空の誓い、海との約束
過去も未来も
◇ ◇ ◇
「数日後、彼と別れて私達は本国へ戻ったの。港に着くまでの間、波間を照らす下弦の月を船室の窓からずっと見つめていた」
陛下は伏し目がちにゆるゆると想い出を語る。僕はと言えば、胸の真ん中が押し潰されてるみたいに痛くて、相槌を打つのもままならなかった。
「本当のところを言うと、最後までちょっぴり期待していたのよね。彼が、私を連れて何処か遠くへ逃げてくれないかって」
そんな無責任な人じゃ無いって分かっていたのだけれど。
そう言って陛下は笑った。笑顔でいる姿が余計に切なかった。
初めて恋した人との別れ。同じ時を過ごし、思い出を共にした大切な人との別離。言葉には表れていない陛下の切ない思いは、想像に難くない。
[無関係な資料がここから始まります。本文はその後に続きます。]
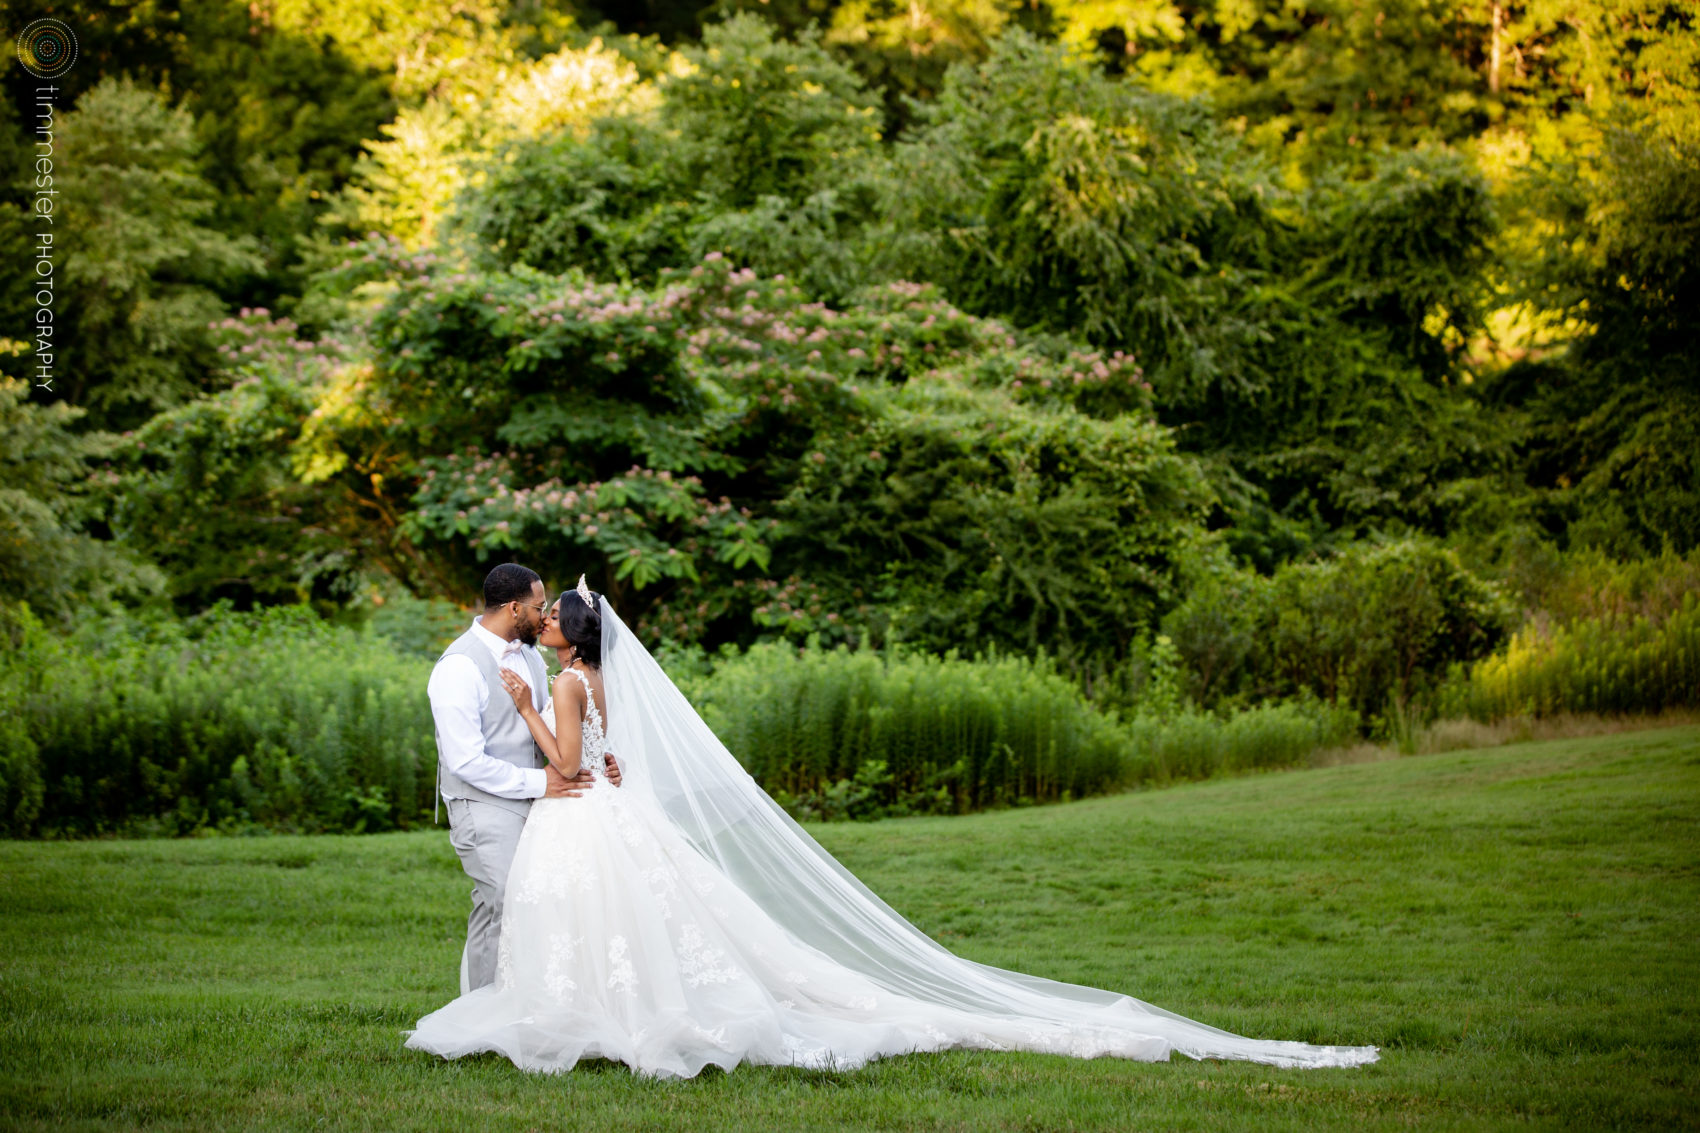 A beautiful wedding and couple portraits at Highgrove Estate in Fuquay-Varina, NC.

すぐそばに居るのに、鼓動を感じるくらいそばにいるのに。どんなに恋焦がれても決して越えられない鋼鉄の壁――身分差。
……どうして?
今まで考えた事もない疑問がわいた。どうしてこの世界には階級差があるんだろう。自ら負った責任ゆえの身分ではなく、自分では選ぶ事の出来ない出自ゆえの身分が。